Fund firms' boycott threat could hurt Lloyds stock sale
LONDON, June 30
LONDON, June 30 (Reuters) - Just as Britain's government is trying to clear a path for the politically sensitive sale of its 39 percent stake in Lloyds bank, resentment is brewing among the investors who would be expected to buy the stock.
Some fund managers say they are wary of buying stock released in staggered sales until banks and regulators clarify the rules on how quickly company owners are allowed to sell more shares - a dispute that could hurt large stock offers such as Lloyds.
They say they have been burned before by banks allowing owners to bypass lock-up agreements, which are meant to prevent too much stock hitting the market too fast and pushing the share price down.
Any boycott could complicate the privatisation of Lloyds Banking Group, one of the government's most high-profile strategies to show it is improving Britain's national finances and getting banks to lend more to businesses.
"Decisions to blacklist are on people's agenda," said one fund manager at a UK investment house running around 80 billion pounds in assets. "This goes right to the heart of whether we have trust in the markets in which we operate."
This shareholder and the other investors who talked to Reuters all declined to be named because of the sensitivity of the situation.
The debate was prompted by a deal in May, where Lloyds sold 15 percent of wealth manager St James's Place, just over 10 weeks after a previous sale, despite having agreed not to reduce its stake further for at least a year.
The lock-up was waived by bookrunner Bank of America Merrill Lynch. Lloyds and BoAML declined to comment.
Although lock-ups are waived relatively often, and investors are warned that the timetable for additional share sales can change, it usually happens closer to the expiry date than in the St James's case.
A person familiar with the matter said the sale had the backing of the Treasury and of UKFI, the organisation which manages the government's stakes in banks, because Lloyds needed to boost its capital, and the offer drew strong demand.
However, investors say they want clarity on the terms and conditions under which such agreements can be waived.
The government has flagged it is ready to start offloading shares in Lloyds and on Friday began the process of appointing advisors for the sale, which is expected to take place incrementally over many months.
Further down the line, the government will also look to sell down its even larger stake - 81 percent - in Royal Bank of Scotland.
"It is very important the authorities do what they can to shore up investor confidence before the likes of Lloyds and RBS come to market. They will be some of the biggest partial stake sales seen for a long time," said a second UK investor at a fund management firm running around 50 billion pounds ($76 billion) of assets.
The Association of British Insurers (ABI) has written to regulator the Financial Conduct Authority (FCA) asking them to look at the issue of lock-ups and their importance in maintaining an orderly market, three people familiar with the matter said. The ABI declined to comment.

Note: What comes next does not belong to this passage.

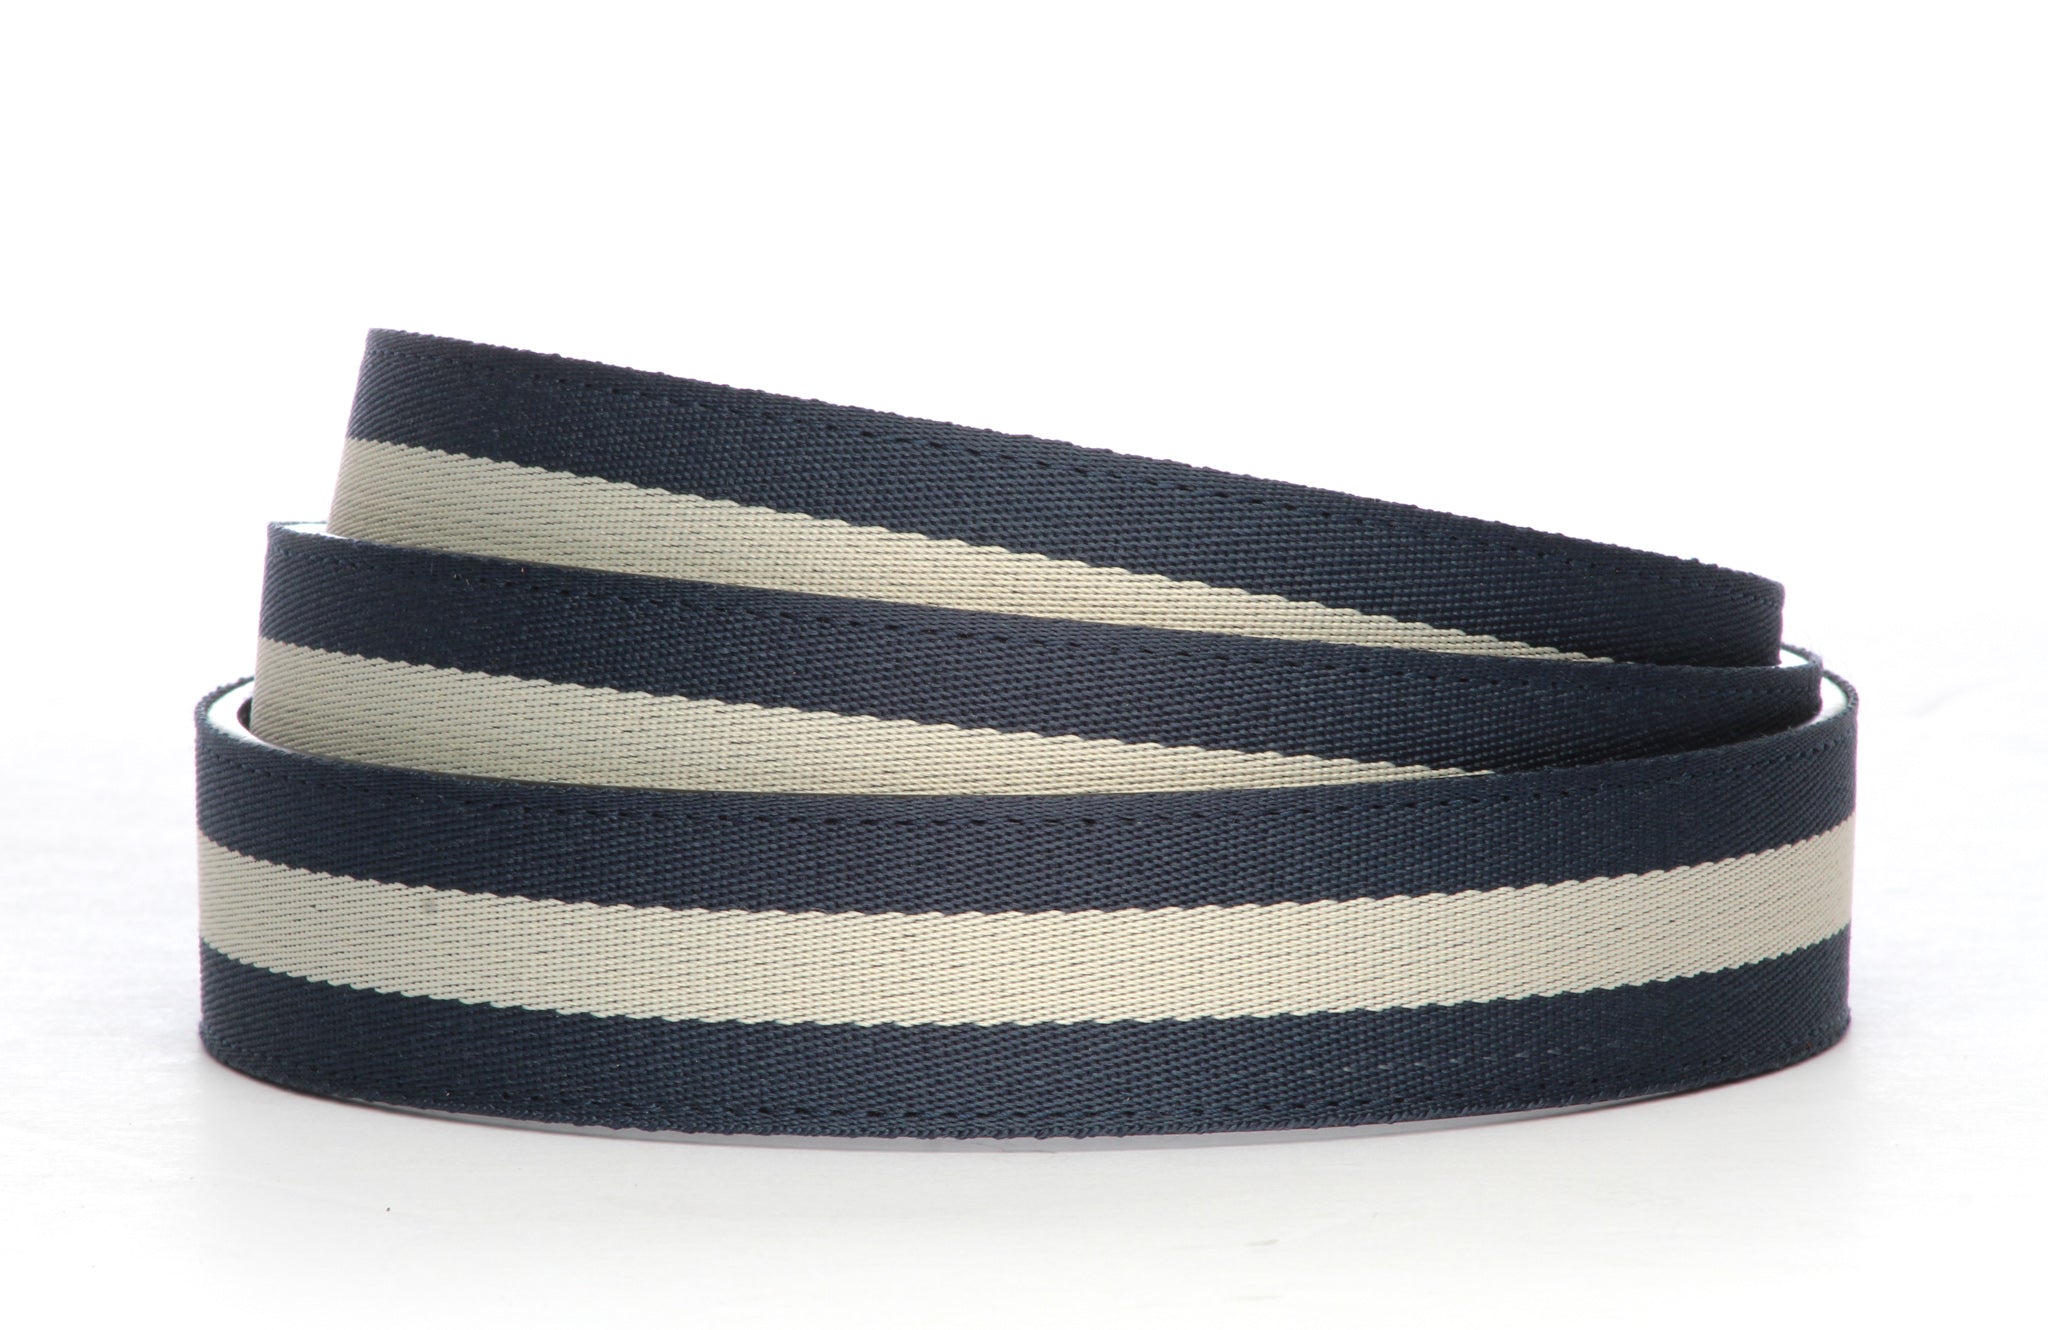 Cloth Belt Strap - Men's Ratchet Belt - Navy-White Stripe, 1.25

Some investors are waiting for the outcome of the ABI's discussions with regulators and bankers on whether Lloyds and its advisers behaved appropriately before deciding whether to impose boycotts.
A spokesman for the FCA said the regulator was aware of the issue and was looking into whether this comes under its remit.
People working in equity capital markets say waiving a lock-up is not a decision which is taken lightly, and is only usually done when a stock price has performed strongly, investors want more shares and the seller has a legitimate reason for wanting to raise money.
"While exercising waivers does undermine the integrity of any other lock-ups, generally such early sales are only likely to happen when there is reasonable market demand, thus clearing share overhangs when the market has the appetite," a third investor said, echoing this sentiment.
St James's Place shares had risen 25.5 percent between the first and second sales. The second sale was done at a 9.4 percent discount and after the sale the shares opened nearly 11 percent below the previous day's closing price.
"There is a requirement on companies to take all reasonable care to make sure that any announcement they make to the market is not misleading, false or deceptive and doesn't omit anything that is likely to impact the significance of what they are announcing," the first investor said.
"There is a real question here about whether this contravenes the rules and the FCA needs to clarify this."